Vicia villosa, known as the hairy vetch, fodder vetch or winter vetch, is a plant native to some of Europe and western Asia. It is a legume, grown as a forage crop, fodder crop, cover crop, and green manure. Although non-native, it occurs in all US states and is considered invasive by some states, such as Alaska, Florida, Georgia, Kansas, Michigan, Minnesota, Nebraska, Oregon, and Washington state — as well as in Japan and some parts of Europe where it is not native. It is also found in most Canadian provinces.

Hairy vetch is very similar to tufted vetch (Vicia cracca), the most noticeable difference being that tufted vetch has a smooth stem.

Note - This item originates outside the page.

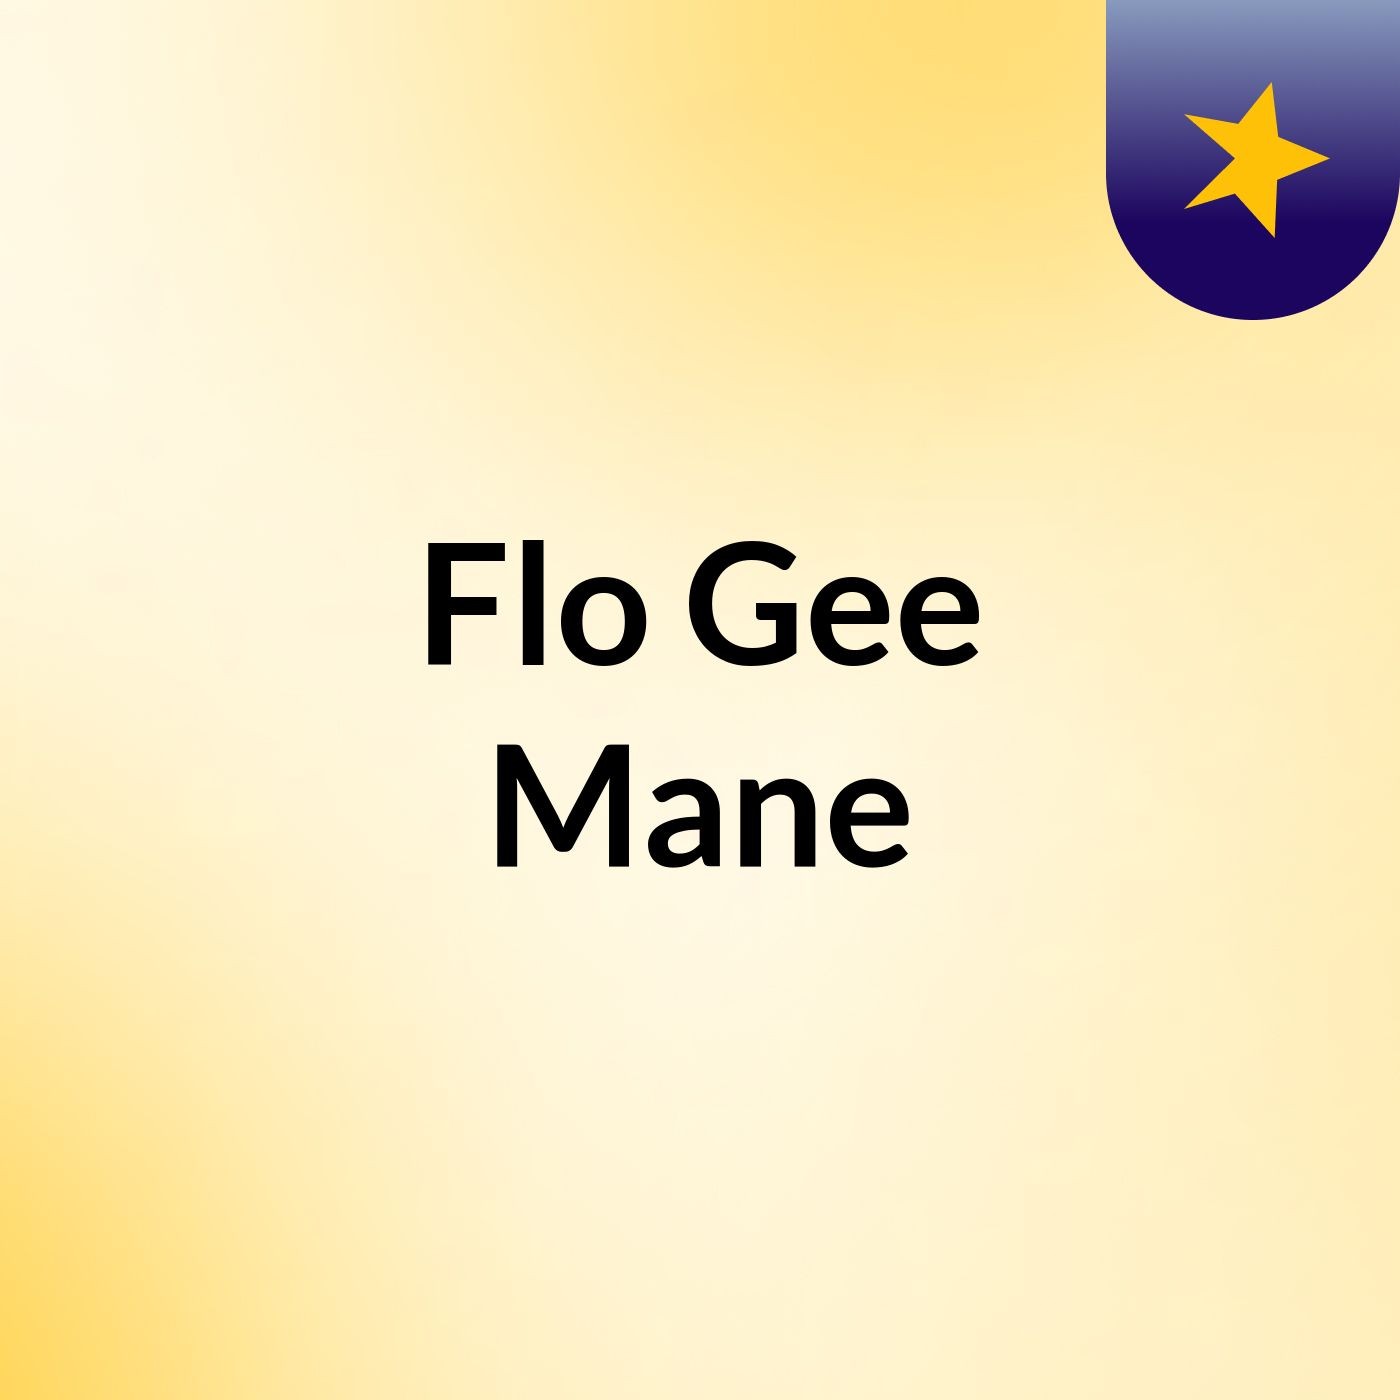 Flo Gee Mane

Several subspecies are recognized:
- Vicia villosa ssp. ambigua (Guss.) Kerguelen (= ssp. elegantissima, ssp. pseudocracca)
- Vicia villosa ssp. eriocarpa (Hausskn.) P.W.Ball
- Vicia villosa ssp. microphylla (d'Urv.) P.W.Ball
- Vicia villosa ssp. varia (Host) Corb. (= ssp. dasycarpa)
- Vicia villosa ssp. villosa

The species Vicia hirsuta is also called hairy vetch.

==Cultivation==
Hairy vetch is widely used by organic growers in the United States as a winter cover crop and in no-till farming, as it is both winter hardy and can fix as much as 200 lb/acre of atmospheric nitrogen. Disadvantages of hairy vetch in production agriculture are related to the crop having a portion of hard seed and its tendency to shatter seed early in the season, leading to it remaining in the field as a weed later in the season. This can be a particular problem in wheat production.

==Companion plant==

Organic gardeners often plant hairy vetch (a nitrogen-fixing legume) as a companion plant to tomatoes, as an alternative to rotating crops in small growing areas. When it is time to plant tomatoes in the spring, the hairy vetch is cut to the ground and the tomato seedlings are planted in holes dug through the matted residue and stubble. The vetch vegetation provides both nitrogen and an instant mulch that preserves moisture and keeps weeds from sprouting.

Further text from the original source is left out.